Member of the Missouri House of Representatives
- In office 2003–2007
- Preceded by: Phil Smith
- Succeeded by: Ed Schieffer

Personal details
- Born: May 30, 1941 (age 85)
- Party: Democratic
- Spouse: Dottie Prinster
- Children: 9
- Education: University of Missouri (BA)
- Occupation: High school teacher and coach, farmer, politician

= Wayne J. Henke =

American politician (born 1941)

Wayne J. Henke (born May 30, 1941) is a former high school teacher and coach, a retired farmer, and a former politician. He served as a Democrat in the Missouri House of Representatives. He lives in Troy, Missouri, with his wife, the former Dottie Prinster, and has nine children, twenty-one grandchildren, and five great-grandchildren.

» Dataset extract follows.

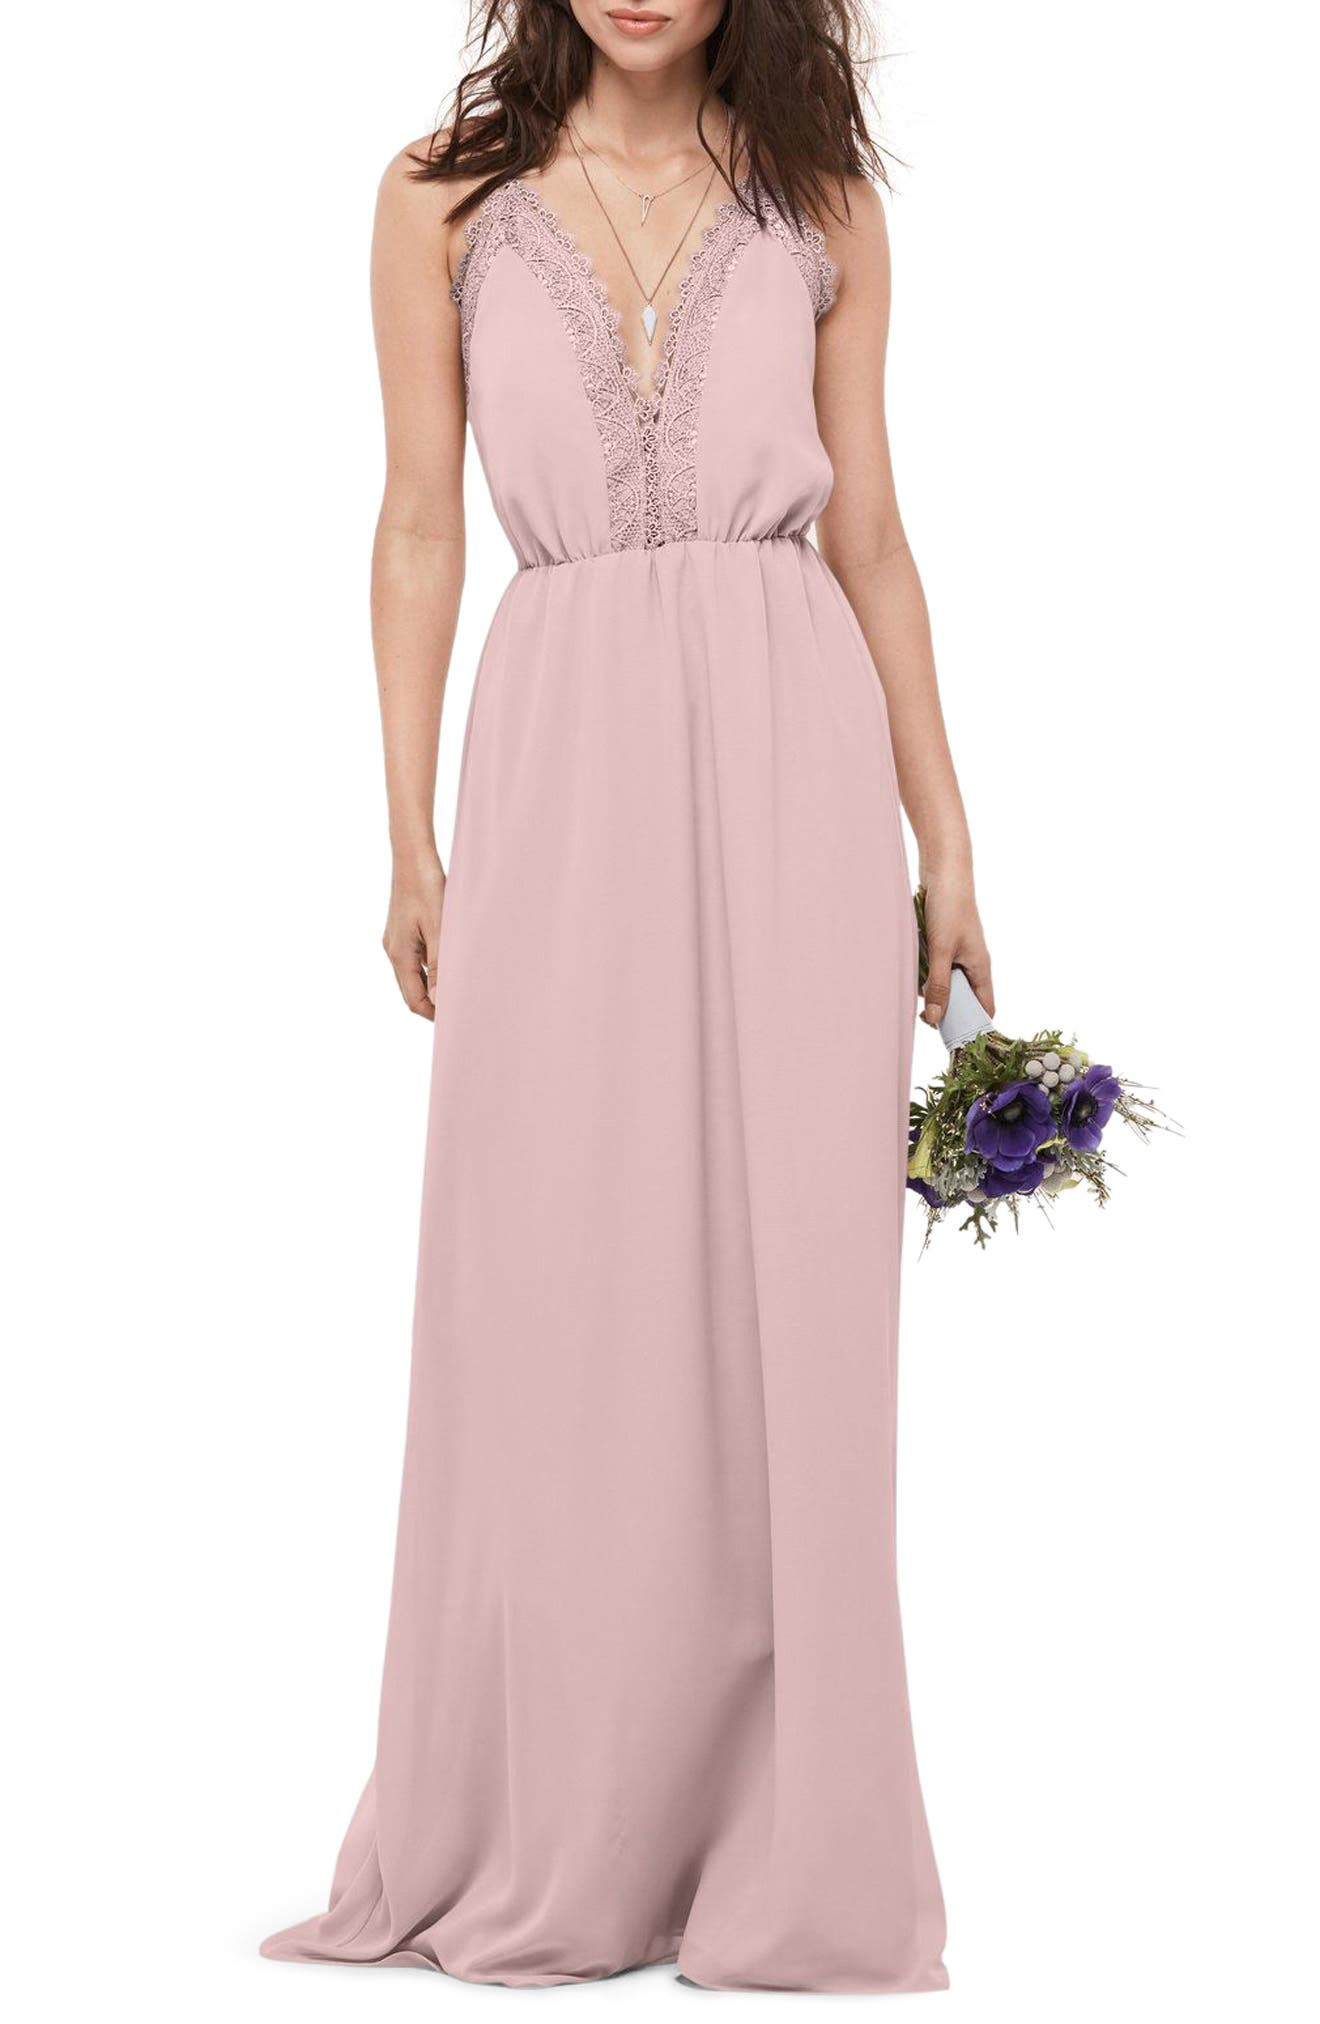 Main Image - WTOO Lace Trim Chiffon Halter Gown

He was born in Chesterfield, Missouri, later moving and graduating from the Lincoln County R-IV High School. He received his bachelor's degree in education from University of Missouri. He was a member of the Missouri Tigers baseball team in 1964. He went on to become a high school math, health, and physical education teacher and a coach for ten years. He coached baseball, basketball, and track at Winfield High School from 1965-1970 and coached basketball and track at Fort Zumwalt High School from 1970-1975.

He served in the United States Army Reserves from 1962-1970 and saw six months of active duty. In 1986, he was elected the Lincoln County Assessor. He has also served on the Silex R-1 School Board. He was appointed to the Missouri Ethics Commission by Governor Eric Greitens from 2019-2023.

He is a member of Sacred Heart Catholic Church, the Knights of Columbus, the Farm Bureau, the Lincoln County Fair Board (serving as chair in 1978), the Lincoln County Memorial Hospital Advisory Board (serving as chair in 1995), and the Lincoln County Democratic Club. He has been recognized for his work by inclusion in Winfield, Missouri's R-IV Wall of Fame and the St. Charles County Amateur Baseball Hall of Fame.

He was first elected to the Missouri House of Representatives in 2002, winning reelection in 2004. In 2006 he ran for the Missouri Senate, losing to Scott Rupp. During his tenure in the House, he served on the following committees:
- Appropriations - Agriculture and Natural Resources;
- Health Care Policy;
- Transportation;
- Joint Committee on Transportation Oversight;
- Joint Committee on Wetlands;
- Joint Interim Committee on Intermodal Transportation;
- Special Committee on Immigration Reform;
- Interim Committee on Health Care Access and Affordability; and
- Interim Committee on Transportation.